_Try it:_ After finding "General 2000x1125 cats" in the data, write out its line and all following lines without change, up to and including the last one. Leave out pictures.

_Supplied material:_
Start of Block
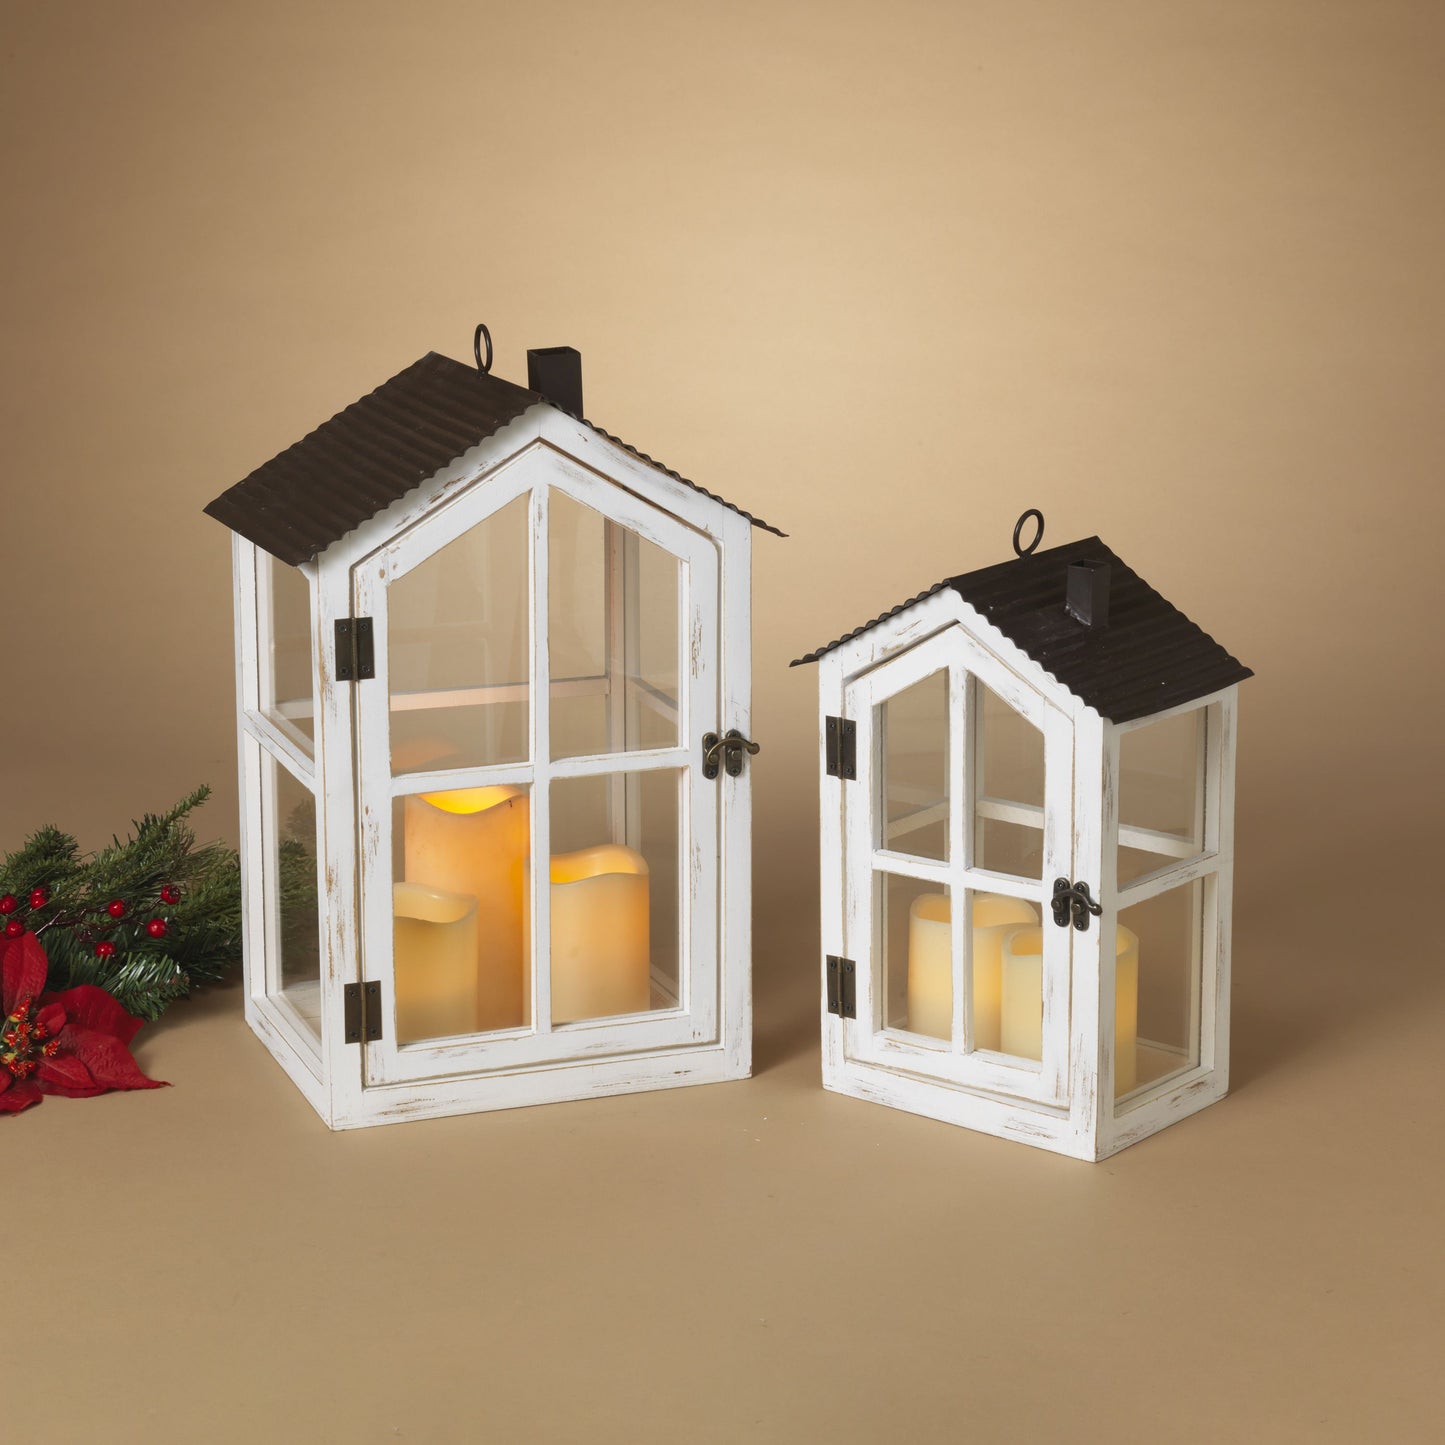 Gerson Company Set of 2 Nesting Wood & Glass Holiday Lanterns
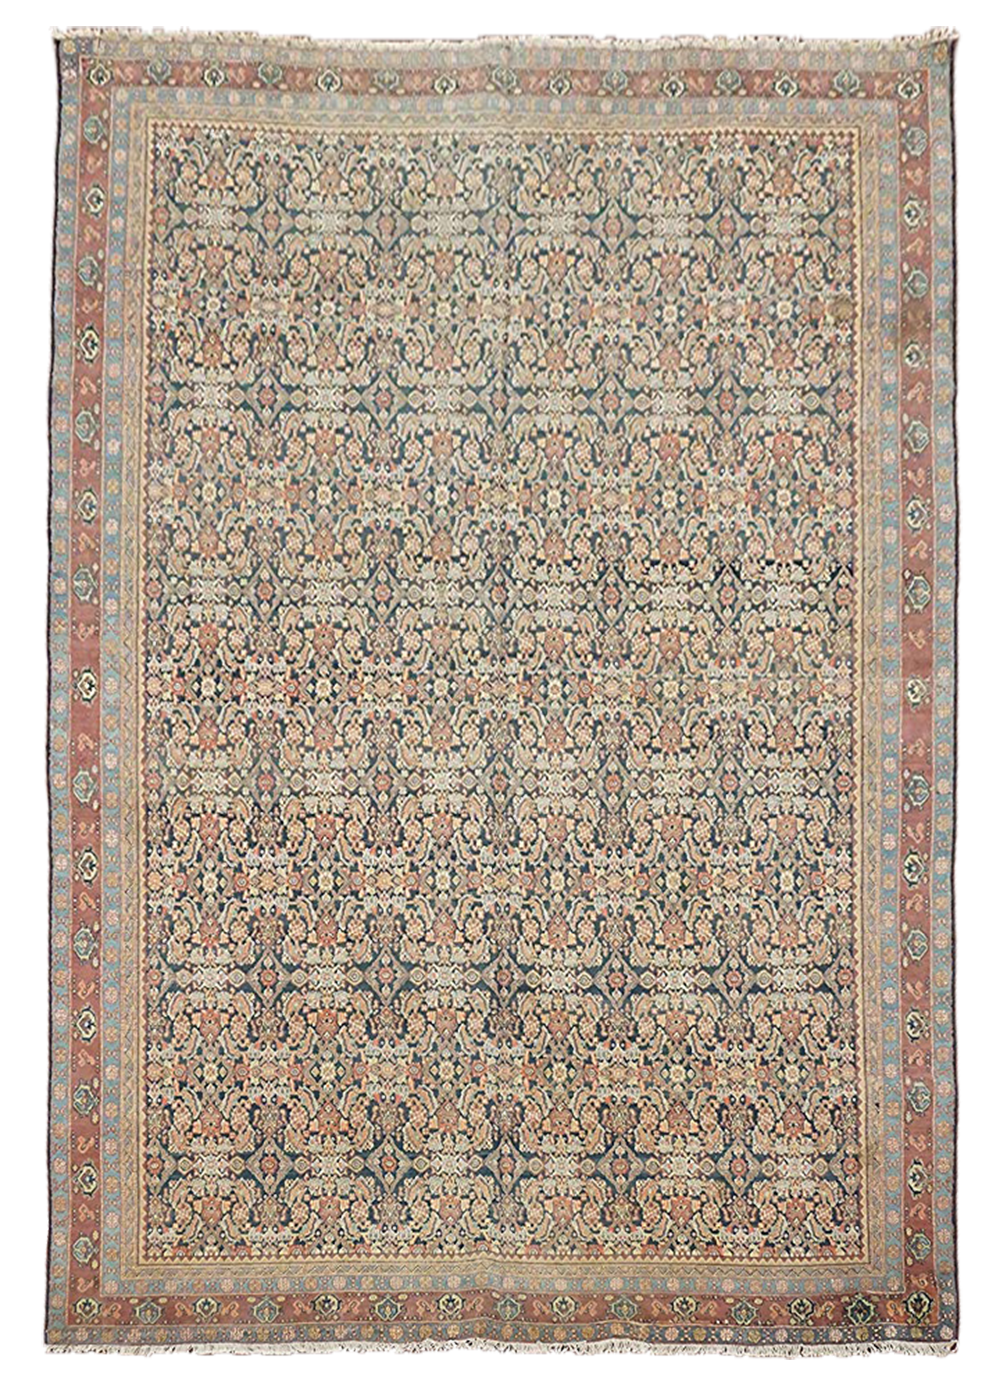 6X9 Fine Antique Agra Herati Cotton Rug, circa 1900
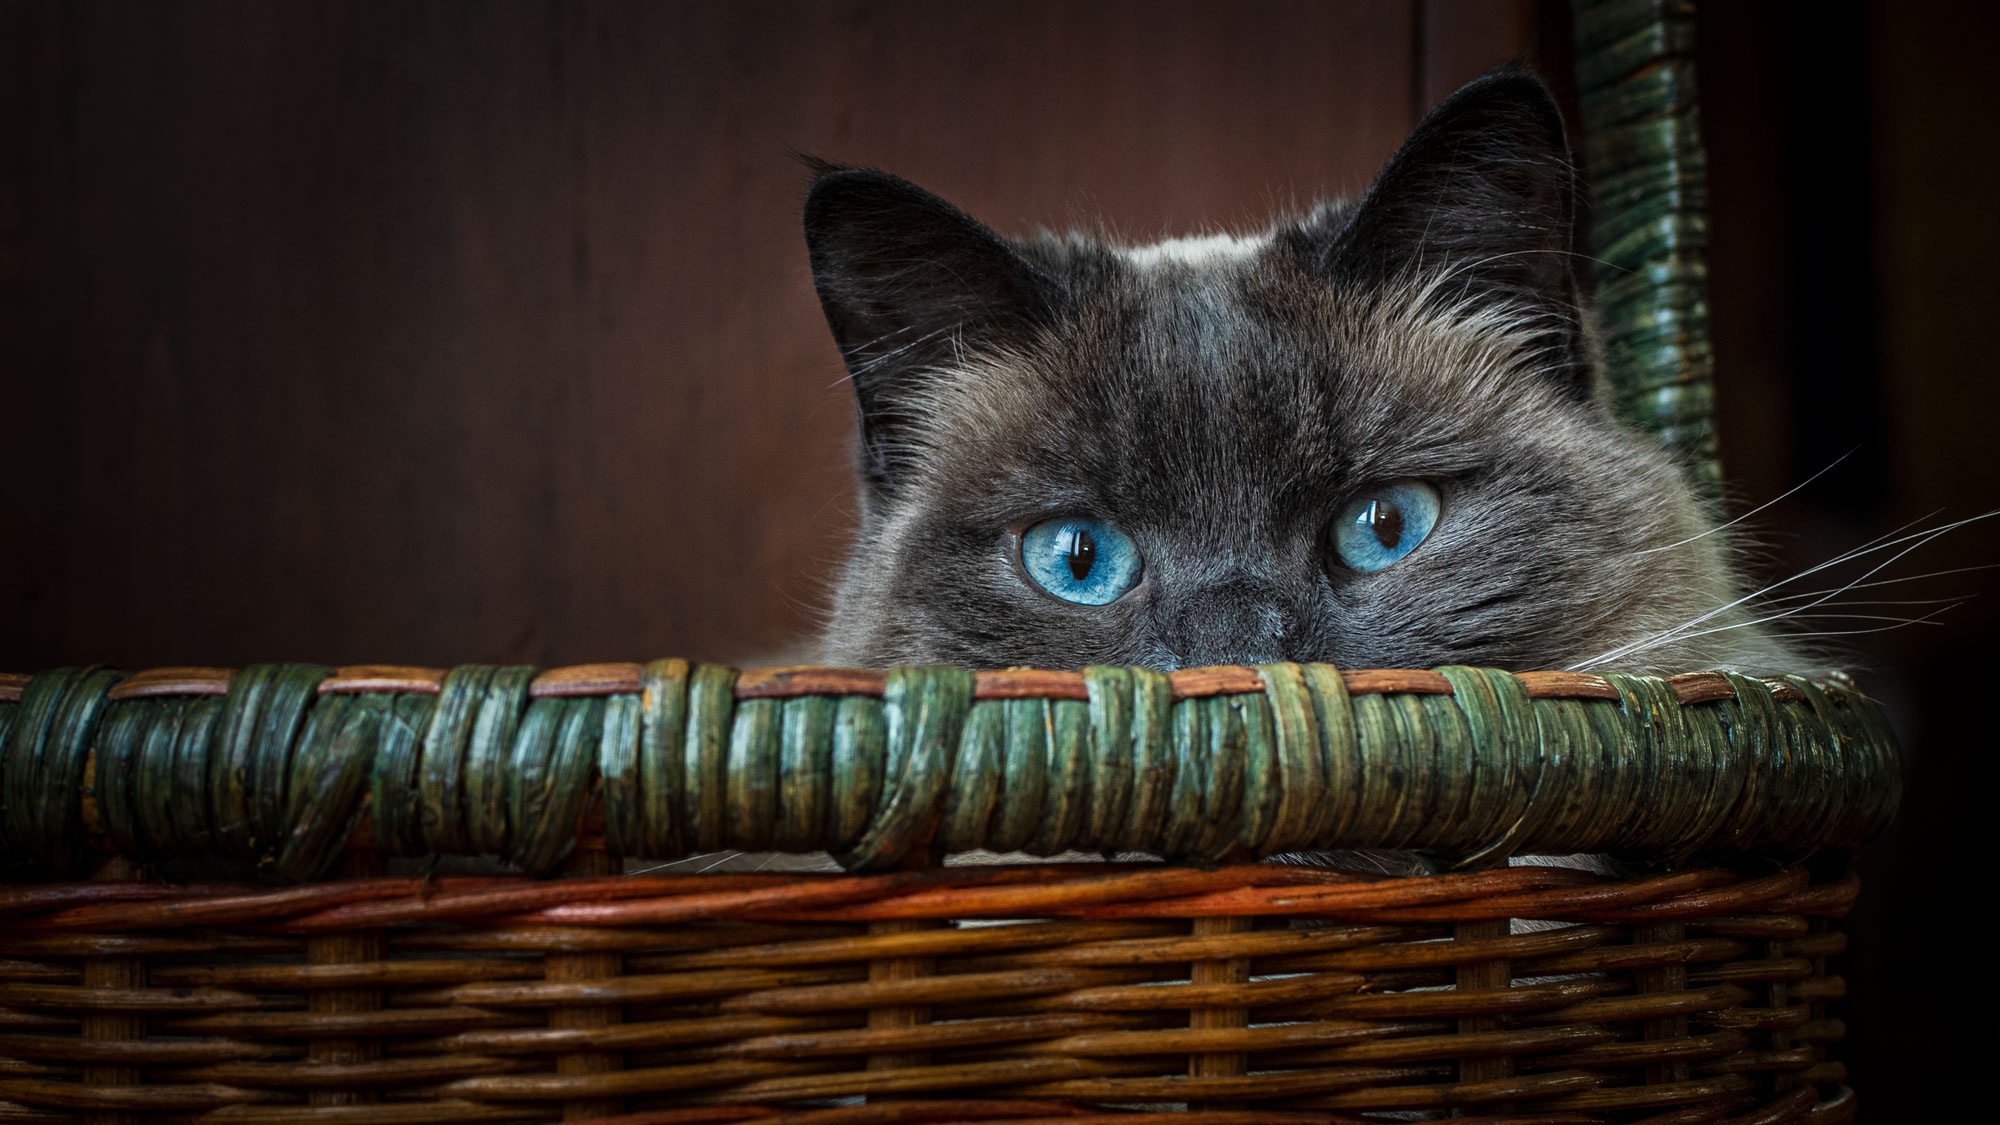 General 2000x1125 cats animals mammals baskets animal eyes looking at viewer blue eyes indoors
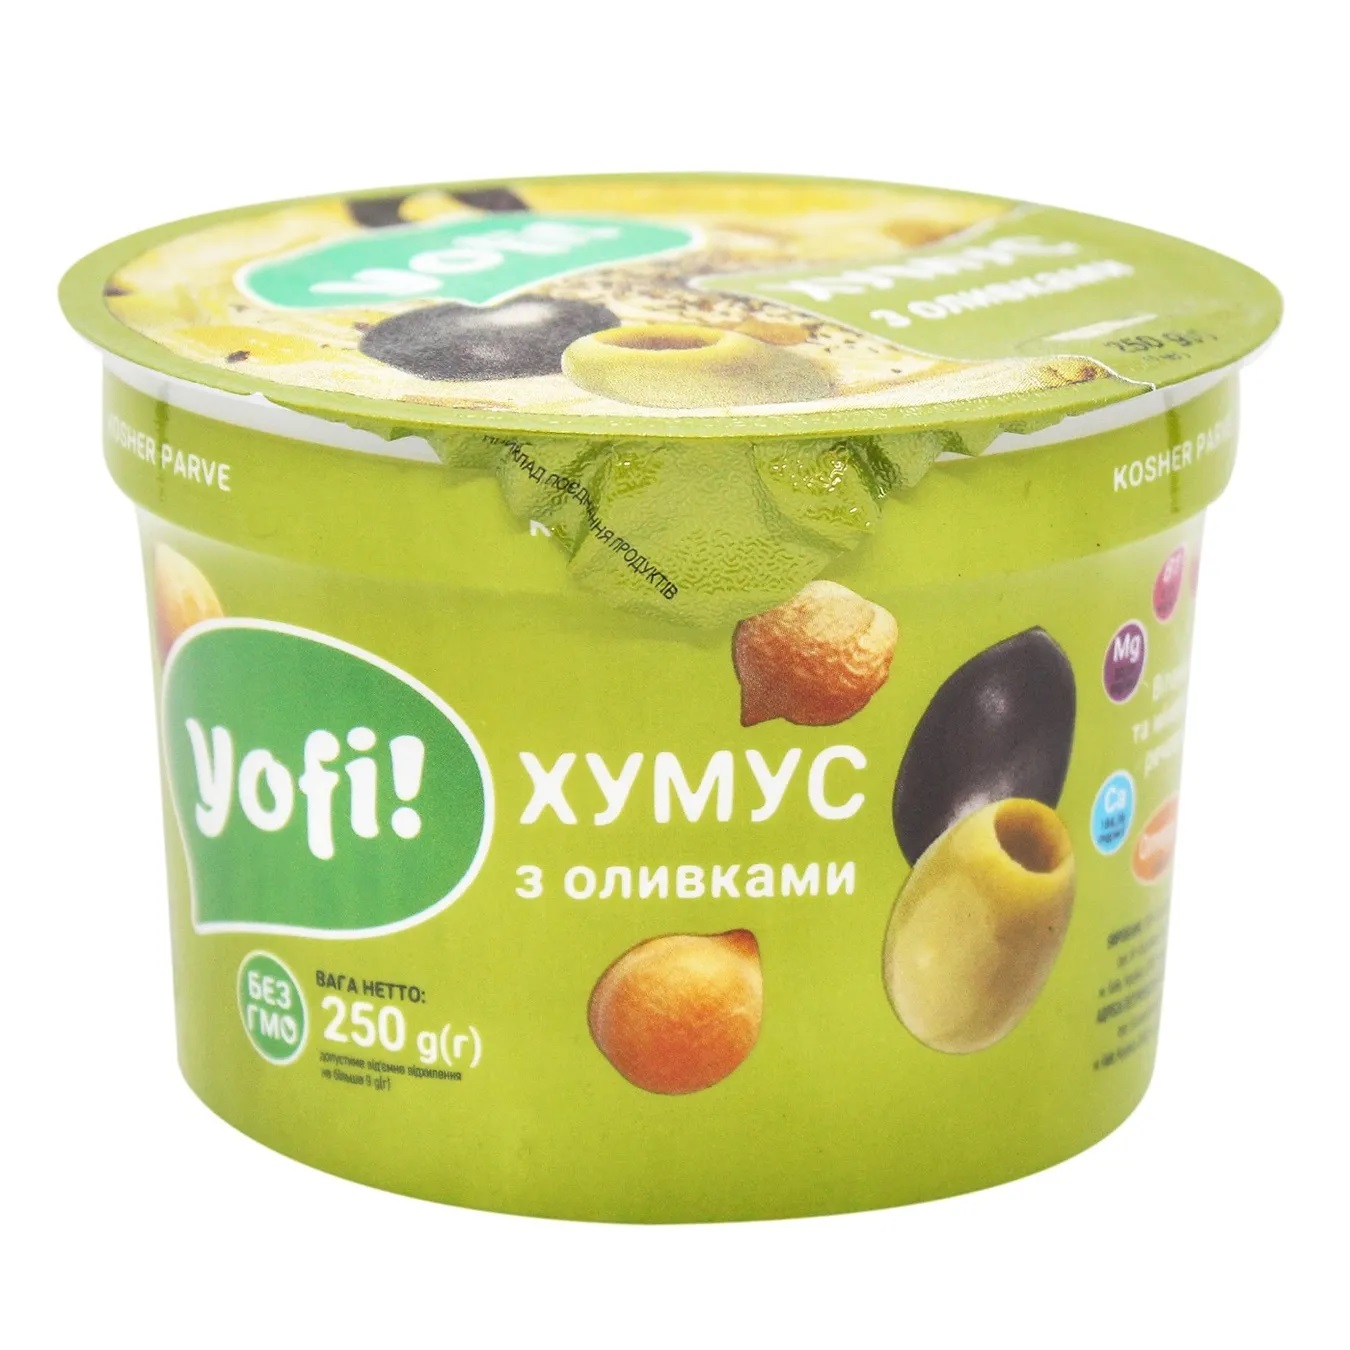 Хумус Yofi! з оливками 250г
End of Block
_Exercise result:_
 General 2000x1125 cats animals mammals baskets animal eyes looking at viewer blue eyes indoors
 Хумус Yofi! з оливками 250г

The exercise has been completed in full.